BILL’S BITES: Sentiment dented after rate hike, budget
The Westpac Melbourne Institute Consumer Sentiment Index fell by 7.9 per cent to 79.0 in May from 85.8 in April.
The index is now back to the lowest levels we've seen on a sustained basis since the deep recession of the early 1990s.
The two key factors influencing confidence in the latest survey were interest rates and the federal budget.
The RBA raised the official cash rate by a further 0.25 per cent at its May meeting in the week before the survey.
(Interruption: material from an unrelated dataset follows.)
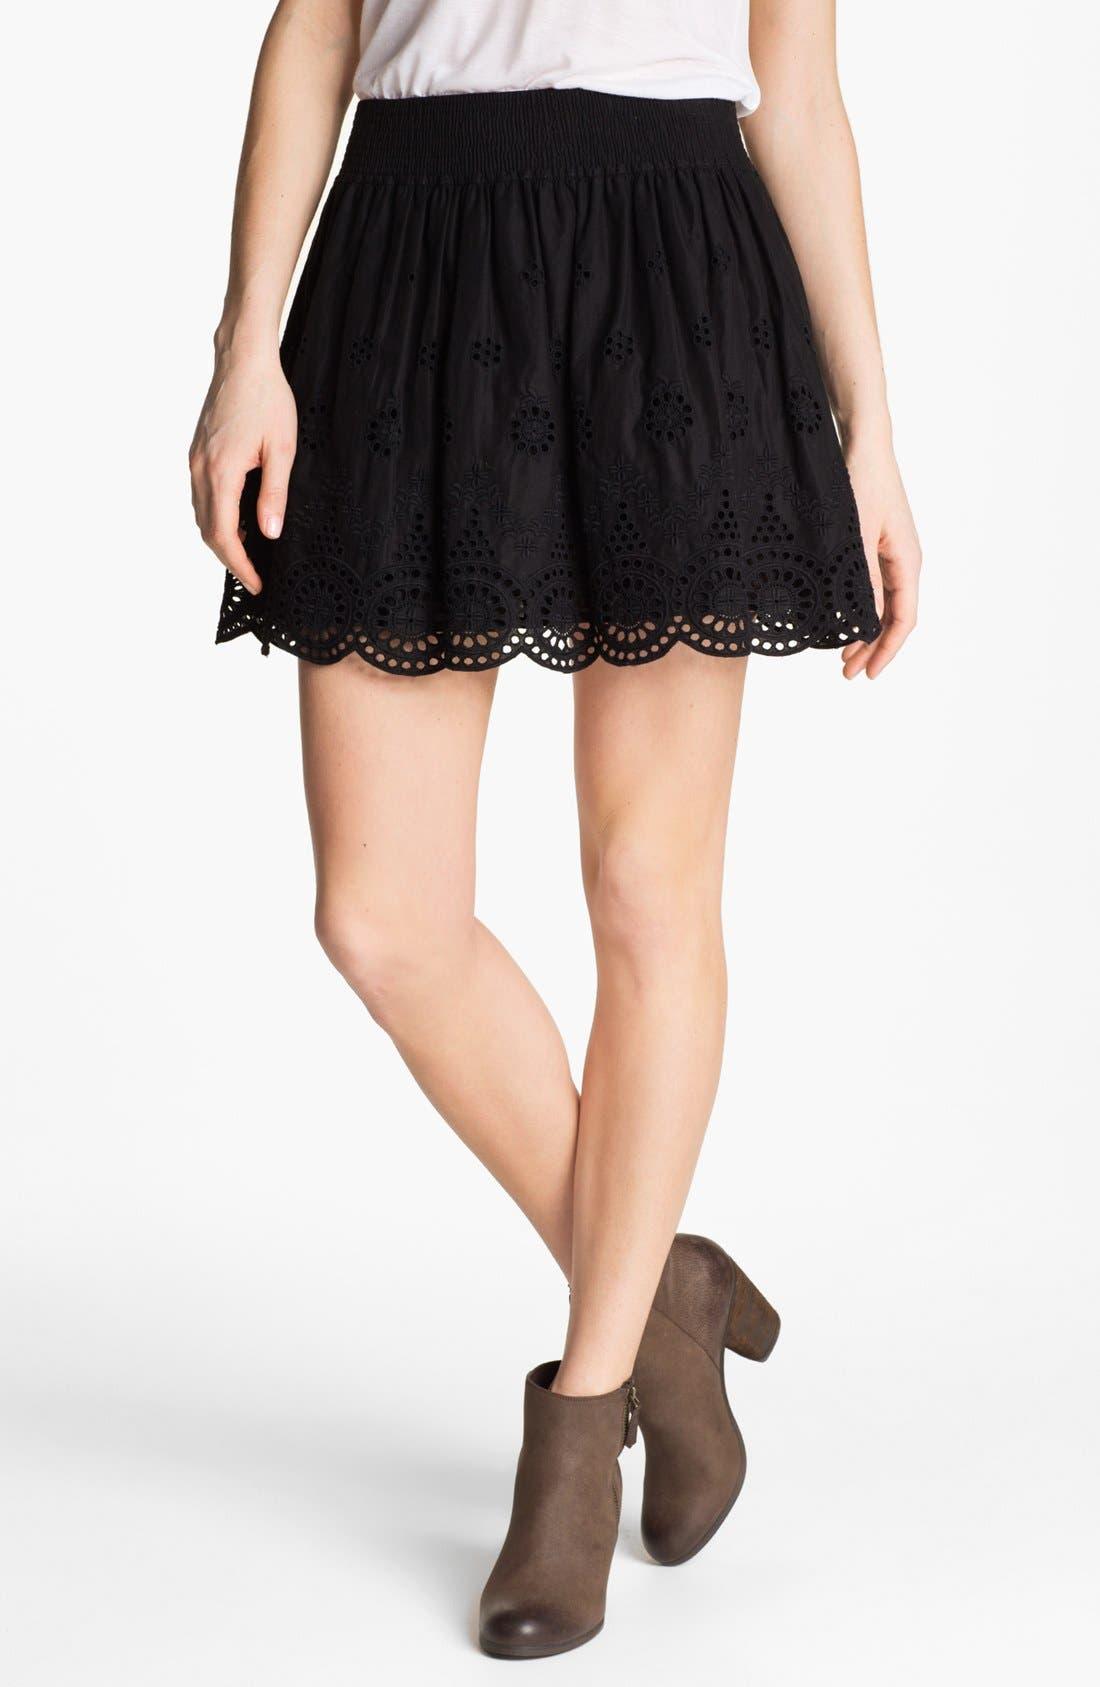 Alternate Image 1 Selected - Hinge® Eyelet Embroidered Skirt

The move came as a major surprise to markets and most commentators, clearly stoking consumer fears of more increases to come.
Meanwhile, the survey was conducted before and after the budget was announced, to give an insight into its impact on confidence.
Sentiment amongst those surveyed before the budget showed an index read of 81.3, down 5.3 per cent compared to April, while the post-budget index came in at 75.3, down an additional 7.4 per cent.
We interpret this to show that about 40 per cent of the weakness in confidence occurred before the budget and the other 60 per cent post-budget.
Clearly people were concerned about the impact the budget might have on inflation and interest rates, whereas Westpac economists' view is that it will not threaten interest rates in the near term.
In fact, the news on the budget was not all bad. The survey asked specifically whether respondents felt it would improve or worsen their finances. It showed 27 per cent expected their finances to worsen, while 15.5 per cent thought they would improve.
Since we began asking this question in 2010, every year we've seen those saying the budget would worsen their finances outnumber those saying they expected an improvement. The net balance this time of 11.5 per cent was actually very good. We've only seen one smaller net balance, and that was in 2018 when the budget included substantial tax cuts. So overall, I think the government can be reasonably comfortable with the response.
The other big news was a 10.7 per cent jump in confidence around the outlook for house prices, which followed a 14 per cent jump last month. That index is now at 144, indicating that there are four times more optimists than pessimists over the next 12 months.
That's an extraordinary result, and consistent with other information we're currently seeing around the housing market.
The housing story, and the strength we continue to see in the labour market, will be a big factor when the Reserve Bank sits down to consider interest rates in June and July and then again in August.
However, the weakening in the overall economic environment will be an equally important consideration.
We believe the RBA will pause in June and that by August, when the Board gets a bit more information on inflation, they will decide to remain on hold. But that risk is very much evenly balanced.